Right,
You could have a couple different scenarios.
Overall you want a vote/ballot/voting set of tables where the vote table is the main one, ballots uses the vote id to store all possible voting choices and voting tables which uses the ballot id to store the record of what was cast along with the vote ID of the first table as an identifier.
Example:
Table 1 - voteID as Primary Key - autonumber
Table 1 - fldVoteTitle as Text
Table 1 - fldVoteDetail as Text
And Vote possiblities.
Table 2 - ballotID as Primary Key - autonumber
Table 2 - fldVoteID as Number
Table 2 - fldItem as Text
And finally Vote Casting
Table 3 - castID as Primary Key - autonumber
Table 3 - fldVoteID as Number
Table 3 - fldVoteCast as Text (or number)

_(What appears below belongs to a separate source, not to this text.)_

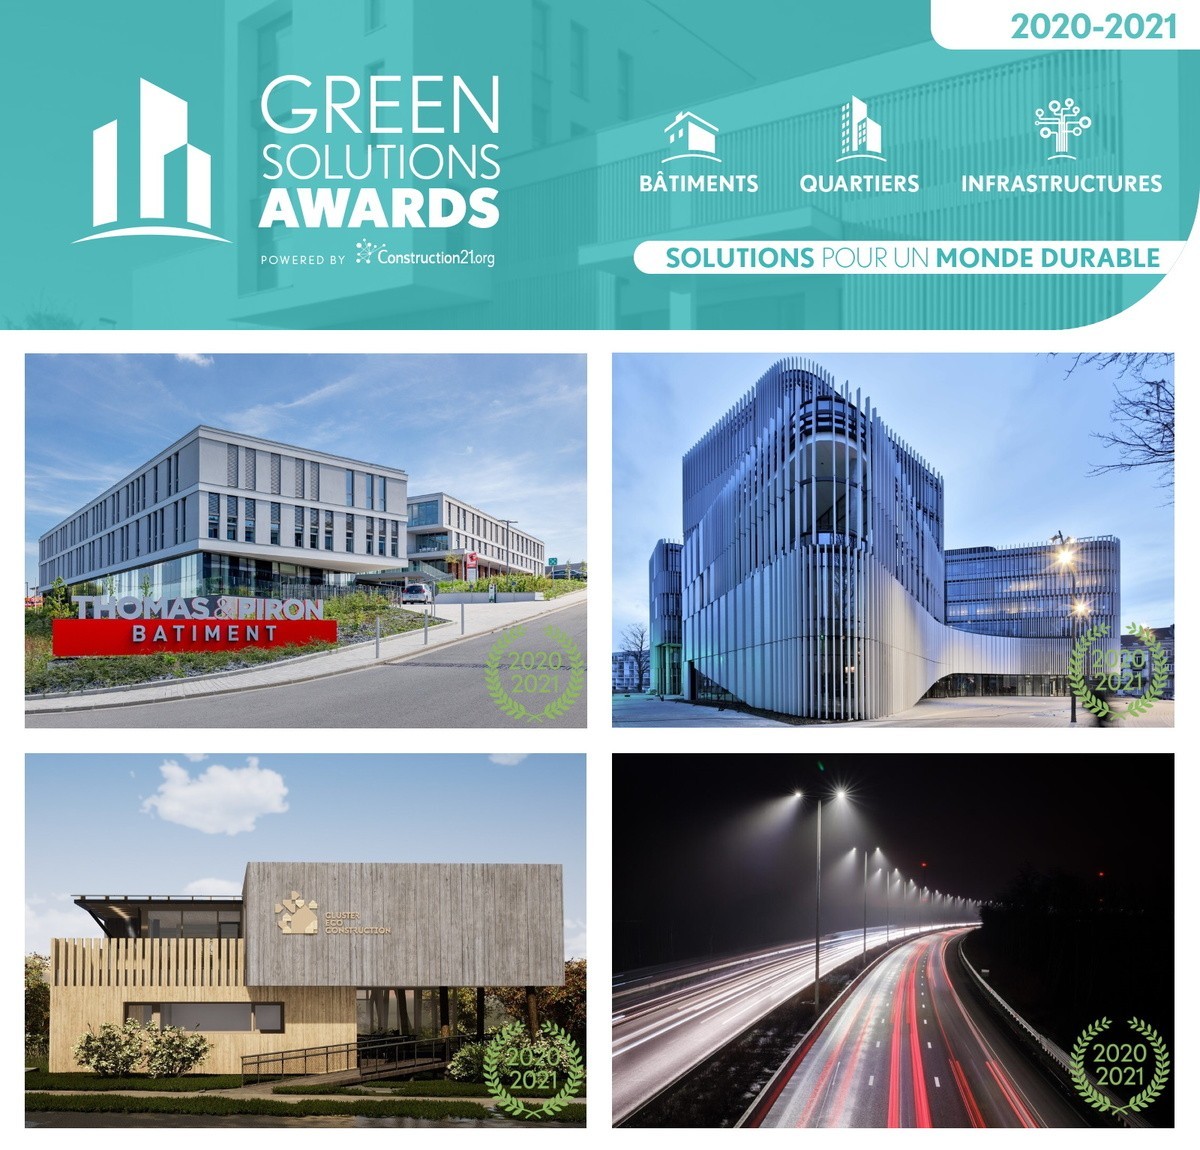 Green Solutions Awards 2020-21 : découvrez les lauréats belges !

For relationships you match up the obvious
Table 1 - voteID relates to Table 2 fldVoteID
Table 1 - voteID relates to Table 3 fldVoteID
What this lets you now do is count either with VBA, Reports or Queries inside Table 2 for the specified Vote.
Example Records
Table 1
voteID - 1, fldVoteTitle - "vote for budget", fldVoteDetail - "We need you to vote now on budget 2015"
Table 2
ballotID - 1, fldItem - "Yes"
ballotID - 2, fldItem - "No"
Table 3
castID - 1, fldVoteID - 1, fldVoteCast - 1 (voted yes on budget vote)
castID - 2, fldVoteID - 1, fldVoteCast - 1 (voted yes on budget vote)
castID - 3, fldVoteID - 1, fldVoteCast - 2 (voted no on budget vote)
castID - 4, fldVoteID - 1, fldVoteCast - 2 (voted no on budget vote)
castID - 5, fldVoteID - 1, fldVoteCast - 3 (voted no on budget vote)
The No's barely carry the day with 3 against 2 for.
Attached an example table.
--update--
I had initially wondered the same thing that gemma did - and you could solve it by adding a 4th table for person - and add another column to the votes cast table with the primary id of the person casting the vote - and count out that way.